これを繰り返すと、結局10個目に数字を宣言した段階で、手札にある数字を全て当て終えることになりました。
他の例でも当てはまるのか、一般化して考えましょう。
まずハズレた数字は宣言しないという、本モデルの方針を言い換えてみます。
論文から引用します。
具体的に考えると、手札に数字の7が2枚あるとき、7は3回しか宣言できない、ということになります。
3回目の宣言は必ずハズレとなるため、4回目を宣言することはないわけですね。
nつまり数字は7種類で、mつまり枚数は最大で4枚です。
言葉だとわかりにくいので数式を活用すれば
m1+m2+m3+m4+m5+m6+m7=4
となります。
ここでm1からm7は自分が持っているある数nの枚数です。自分の手札は4枚しかないため、右辺は4になります。
例えば、1を1枚、3を2枚、7を1枚持っている場合は、
m1=1
m3=2
m7=1
それ以外は0になるため
m1 + m2 + m3 + m4 + m5 + m6 + m7 = m1 + m3 + m7 = 1 + 2 + 1 = 4
となります。
最初の議論に戻り、ある数nは自分が持っている枚数プラス1回宣言できるため、ゲーム中に自分が宣言する回数は以下のようになります。

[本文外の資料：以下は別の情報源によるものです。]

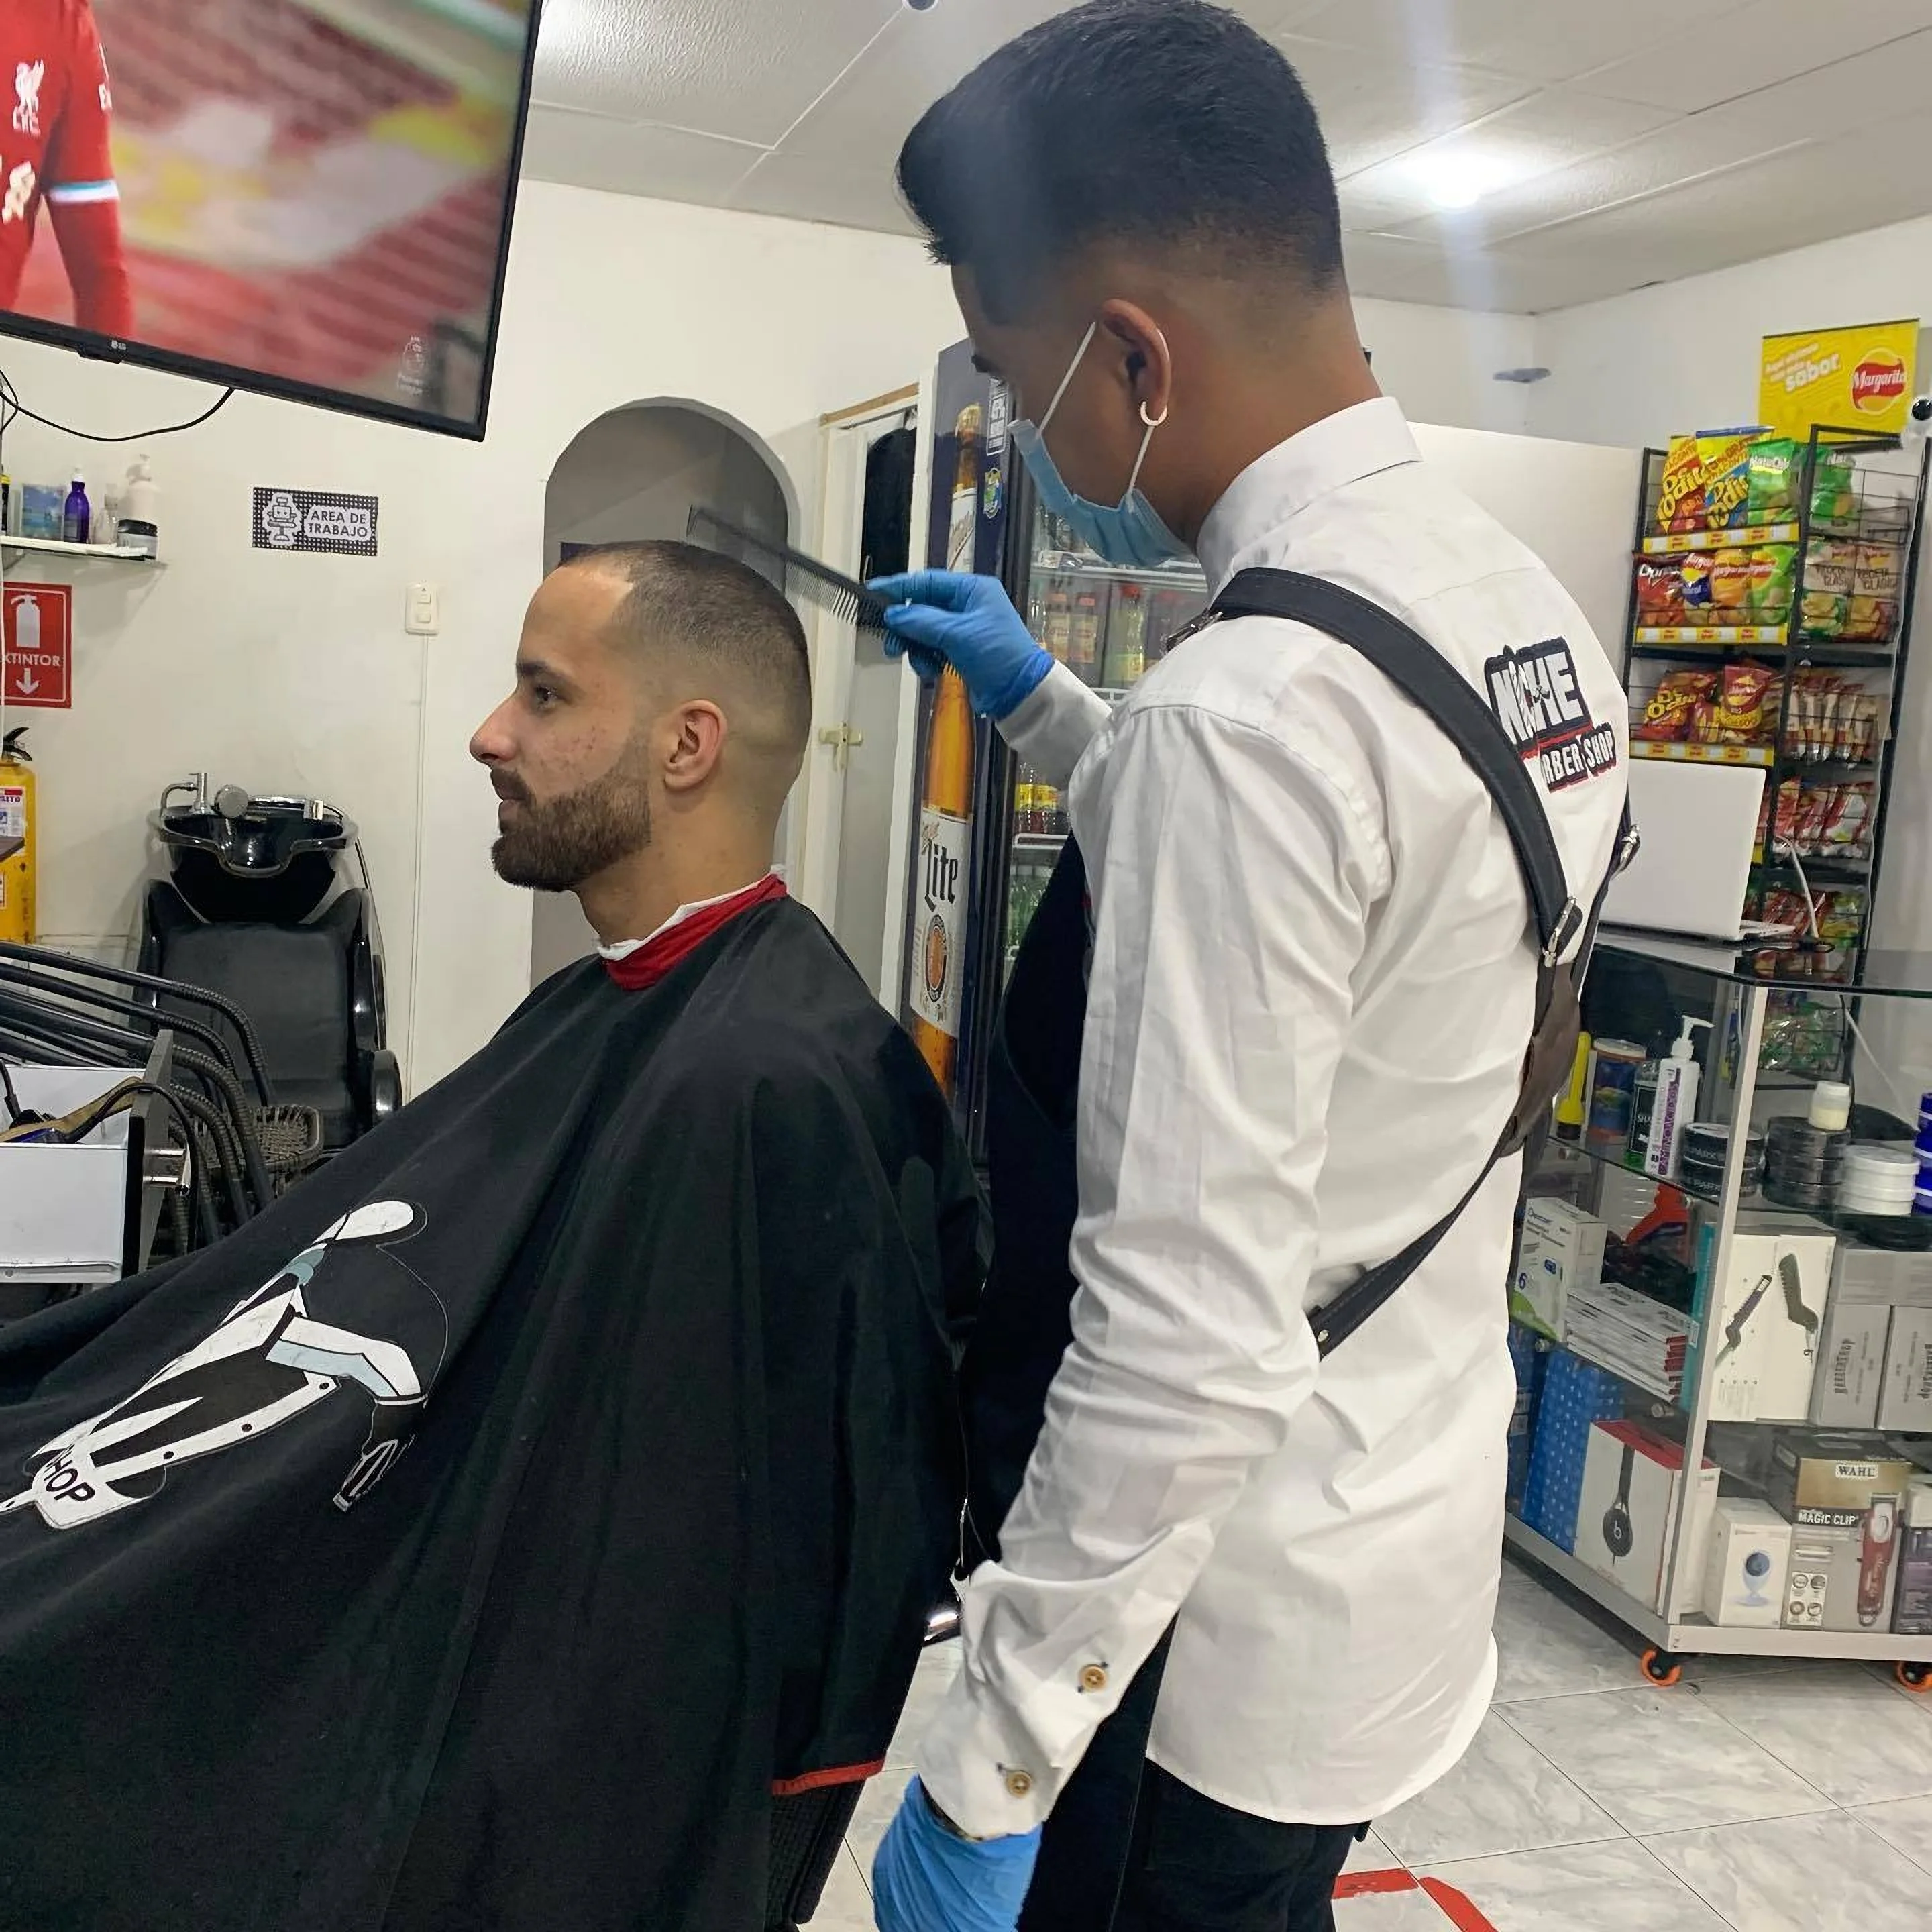 Barbería-niche-barber-shop-7558

(m1 + 1) + (m2 + 1) + (m3 + 1) + (m4 + 1) +
(m5 + 1) + (m6 + 1) + (m7 + 1)
=m1 + m2 + m3 + m4 + m5 + m6 + m7 + 7
m1 + m2 + m3 + m4 + m5 + m6 + m7 = 4だったため
m1 + m2 + m3 + m4 + m5 + m6 + m7 + 7 = 4 + 7 = 11
ゲームが終了したあとで数字を宣言する必要はありませんよね。
上の図で示したとおり、自分の手札にある数字が無くなった時点で宣言をやめるため、実際の宣言回数は1回少なくなります。
したがって、10回が最大宣言回数となるわけです。